По правде говоря, Лахесис не имела никакого отношения к преждевременной смерти Седрика. Сатана умудрился растянуть ткань Гобелена таким образом, что, только перерезав определенную нить, удалось бы исправить зло — этой нитью являлась жизнь Ниобы, пока Седрик не пожертвовал ради нее собой. Лахесис все еще приводила в порядок пострадавший в результате Гобелен; поверхность кое-где топорщилась, и Атропос пришлось отсечь несколько дополнительных нитей, а вместо них ввести парочку новых.

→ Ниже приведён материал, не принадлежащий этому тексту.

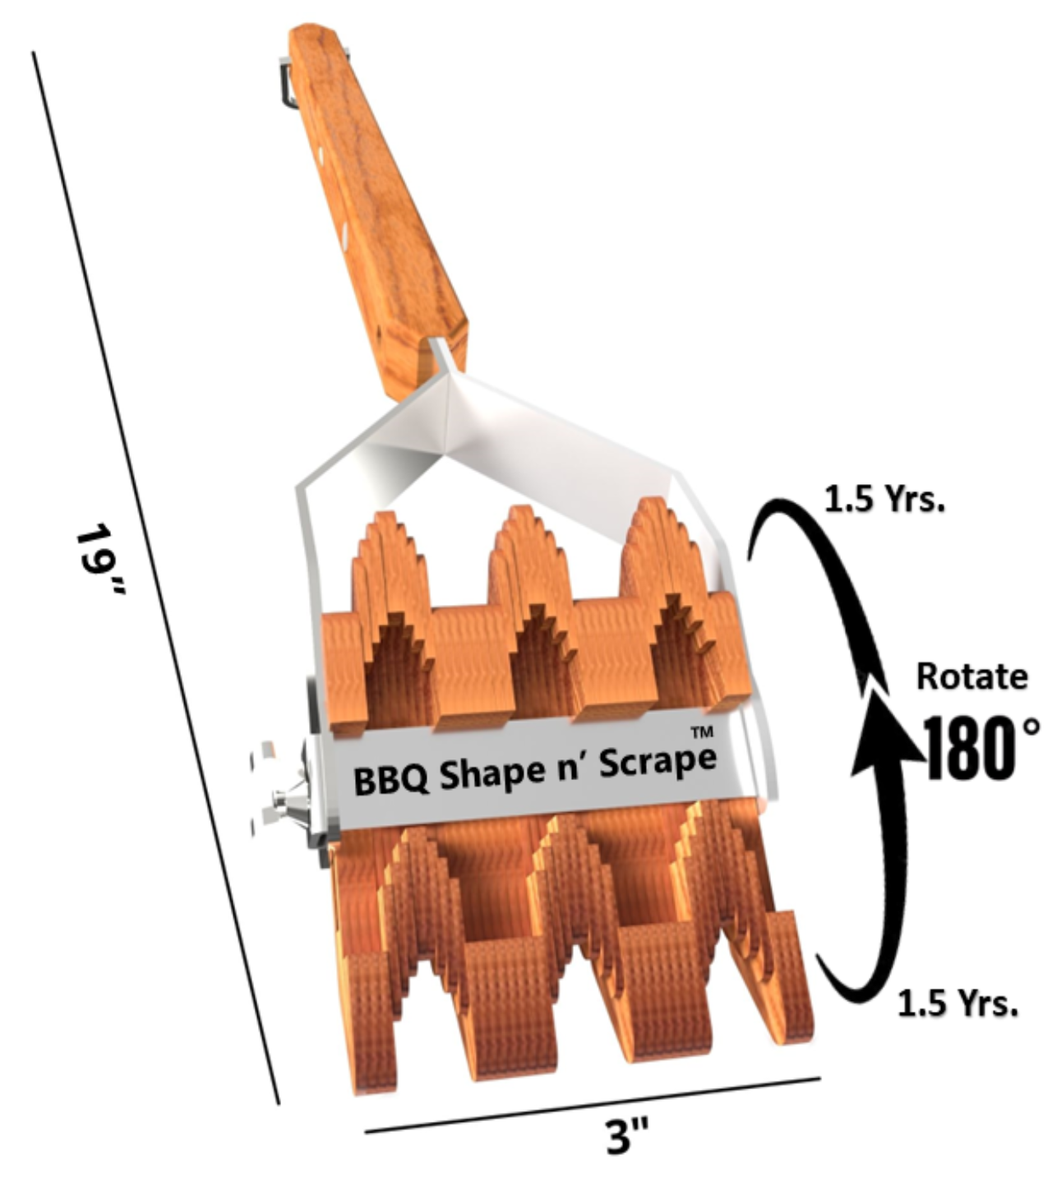 BBQ Lovers you will LOVE this Wooden BBQ Scraper. The BBQ Scraper redefines the very essence of safety when cleaning grill grates. The wooden BBQ Scraper offers safety and satisfaction seamlessly. Bidding farewell to the dangerous wire BBQ brushes!

Ниоба разглядывала рисунок и видела места, которые нуждались в ремонте. Теперь она понимала, какая трудная у Судьбы задача. Судьба не была всесильной или капризной; она всего лишь делала то, что не до конца понятно простому человеку. Все равно как если бы солдат вдруг вышел из строя и потребовал у генерала объяснений.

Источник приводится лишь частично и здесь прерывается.